Free Credit Reports

| April 22, 2015 | 0 Comments

Consumers need to protect their credit at all times.  The better someone's credit score is, the lower the cost to borrow money.  The lower the cost of borrowing, the more money the borrower gets to keep.  Credit reports are important for more than simply borrowing money.  Poor reports can affect job applications and apartment requests too.  Consumers who regularly review their credit reports can verify the information is correct, catch signs of identity theft and start the process to correct errors before a lender denies a loan or an employer passes on a job offer.

An easy step everyone can take to monitor their credit is to take advantage of the free credit reports available from the three major credit reporting agencies.  Reports from Equifax, Transunion and Experian are available at the Annual Credit Report Web site for no cost once per year.  Rather than request all three reports at the same time, I suggest rotating through the three agencies once every four months.  The process to request a report only takes a few minutes and by spreading out the requests, you minimize the gaps between checks and could catch a fraudulent account sooner.  The agencies do not share data, so an erroneous charge shown on one report might not be on the other.  In other words, don't expect that by checking one agency you are covered.

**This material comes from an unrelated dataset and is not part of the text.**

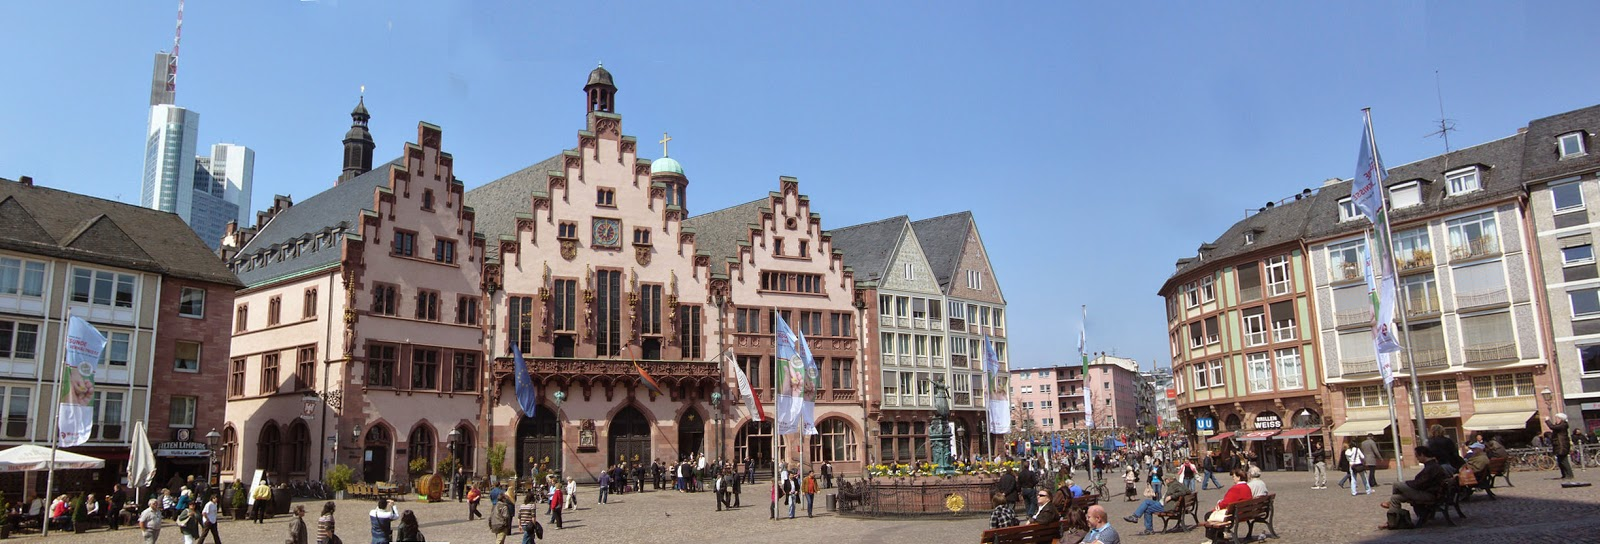 Dicas rápidas sobre Frankfurt

The reports do not follow a standard format from agency to agency, but the information is fairly simple to read on each report.  You should be sure that each account on your credit report is (or was) yours.  You can quickly scan through the lists to find any accounts that have been flagged for late payments or have been sent to collections.  If you find any incorrect information, contact the company that issued the account and contact the credit reporting agency to start the process of cleaning up the report.

More Credit Tips:

  • Equifax says, "It is a good idea to keep your oldest credit account open, as a high average account age generally demonstrates stability to lenders.  Also, especially if you have been managing credit for a short time, opening many new accounts will lower your average account age and may have a negative impact."
  • Experian points out, "When you marry, your credit report stays the same.  The only information on both spouses’ reports are joint accounts or those for which one spouse is an authorized user."
  • Collections are supposed to fall off your credit report after seven years.  Transunion says, "If your collection account is more than 7 years old, it should be removed from your credit report.  The best way to correct this is by contacting the credit bureaus and explaining the inaccuracy."